乱哄哄,你方唱罢我登场。谁都站在戏台,谁都无法独善其身。
周寄疆今日才明白他当年在青城山还是鲜衣怒马少年郎之时,师父百般告诫他,未到年纪切勿下山。
太年轻的人不知道走到岔路口,一念之差,站上戏台,就是万劫不复。
野心蓬勃,爱人相杀,皇城最多就是疯子。
周寂疆明白太晚,可是世界上没有后悔药,就算有,当年的他仍旧会被山下繁华所迷惑,义无反顾随师弟下山。
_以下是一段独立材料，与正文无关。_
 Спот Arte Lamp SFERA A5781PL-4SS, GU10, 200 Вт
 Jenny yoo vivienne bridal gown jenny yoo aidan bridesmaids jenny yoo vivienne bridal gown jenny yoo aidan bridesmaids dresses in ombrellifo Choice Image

大师兄谢道成是如此,周寂疆是如此,山上无数踏上迷途的师兄弟亦是如此。
富贵险中求,而在这繁华虚幻路中,周寂疆看清了眼前人如墨眉眼。
沈清时握了握他的手,并肩而立,轻轻问他:“你在想什么?”
他望着沈清时,那个恣意潇洒少年郎与眼前沉稳俊美沈小侯爷,逐渐重合,恍如隔世。
沈清时太清醒了,哪怕登上高位也是一派理所当然态度,他有足够自信他无论做什么都是最好,也就不会因野心蓬勃而乱了心。
这种沉稳自傲,很快安抚了周寄疆。
他的心,一点点从悬崖边拉了回来。
“我在想,当年师父是如何有勇气在乱世建造起桃花源来。”
周寄疆语气很轻很轻,近乎轻不可闻,可沈清时还是听见了。他说:“我好想他。”
好想师父,好想见他。
沈清时张了张口,哑然。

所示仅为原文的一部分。